John Bellows, a database expert in the Obama campaign, said he had already identified "big pockets of potential voters" in key states. "There are pretty big numbers lying around to turn out," he said.

The strategy requires a deft touch and carries risks, however.

In large part, Obama, an Illinois senator who is the son of a black man from Kenya and a white woman from Kansas, has succeeded so far by appealing across racial lines. Strategists say he cannot afford to appear to be exploiting race or running solely as a black candidate -- particularly as he courts moderate whites and blue-collar workers who did not support him in the primaries.

"It's a sensitivity," said Ronald Walters, a strategist for African American Democrat Jesse Jackson's presidential campaigns in the 1980s. Walters has criticized Democratic candidates in the past as sidelining black voters by ceding the South to Republicans. "You've got to have a black strategy, but it has to be a biracial strategy."

Obama's formula for energizing blacks while appealing to whites relies in part on demonstrating independence from the more militant traditions of black politics and using rhetoric that spans race. He has opposed monetary reparations for descendants of slaves, for example. And he has said that he does not think his daughters should benefit from affirmative action, because they have had a "pretty good deal," and he has expressed openness to programs that could help disadvantaged whites, Latinos and women.

That enables Obama's campaign to mobilize black voters while shielding him from being portrayed as the black candidate, supporters say. "No community can complain of being shortchanged," said Virginia Democrat L. Douglas Wilder, who in 1989 became the nation's first African American elected governor.

Party strategists believe that Obama's competitive showing in primary contests proves that the approach will work.

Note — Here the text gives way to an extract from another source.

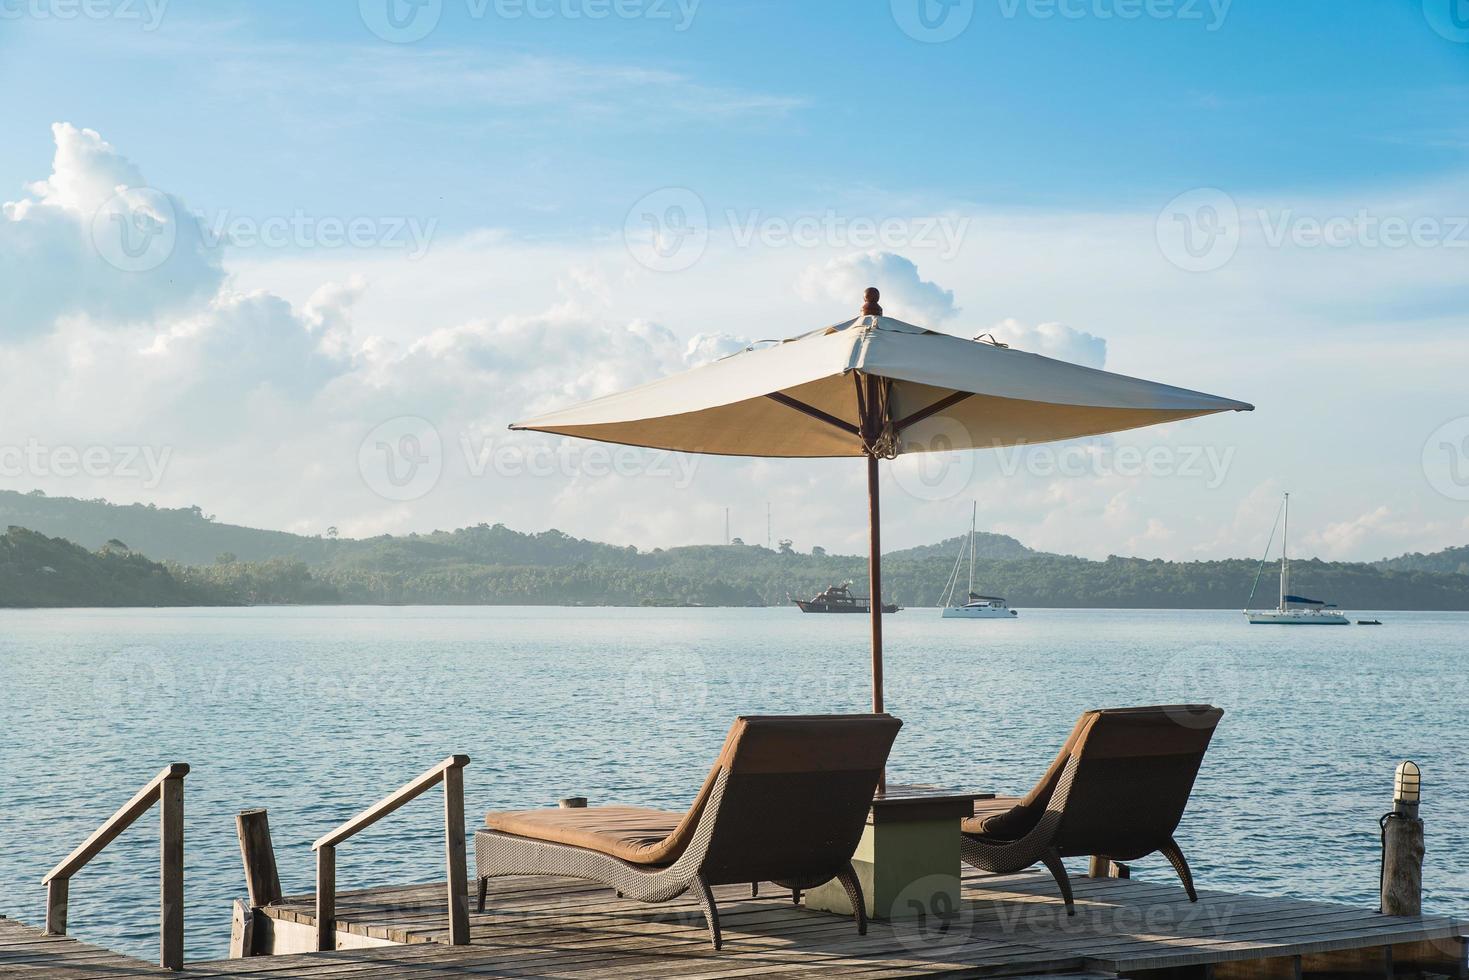 twee stoelen en paraplu op houten bureau tegen blauwe hemel foto

In some primaries, notably North Carolina and Virginia, he ran strong among white voters, but his victory margins came from drawing blacks, including new African American voters, to the polls in overwhelming numbers.

Major get-out-the-vote efforts in 2004 managed to increase black voter turnout just 3 percentage points, to 60%, compared with 64% of voters overall. Obama's campaign believes it can far surpass that this time.

David A. Bositis, an expert on black voting trends at the Joint Center for Political and Economic Studies, predicts that turnout could rise by as much as 20%, and some Democratic strategists feel they can spur black turnout in the battleground states to as high as 75% of registered voters.

"This will be a completely new precedent," said Bositis. "This year we're going to be looking at record territory, and this will be a level of black turnout that's never been seen before."

The pursuit of black voters is part of the Obama campaign's broader strategy of targeting constituencies that have been underrepresented in past general elections but that proved crucial to his victory over New York Sen. Hillary Rodham Clinton in their battle for the Democratic presidential nomination.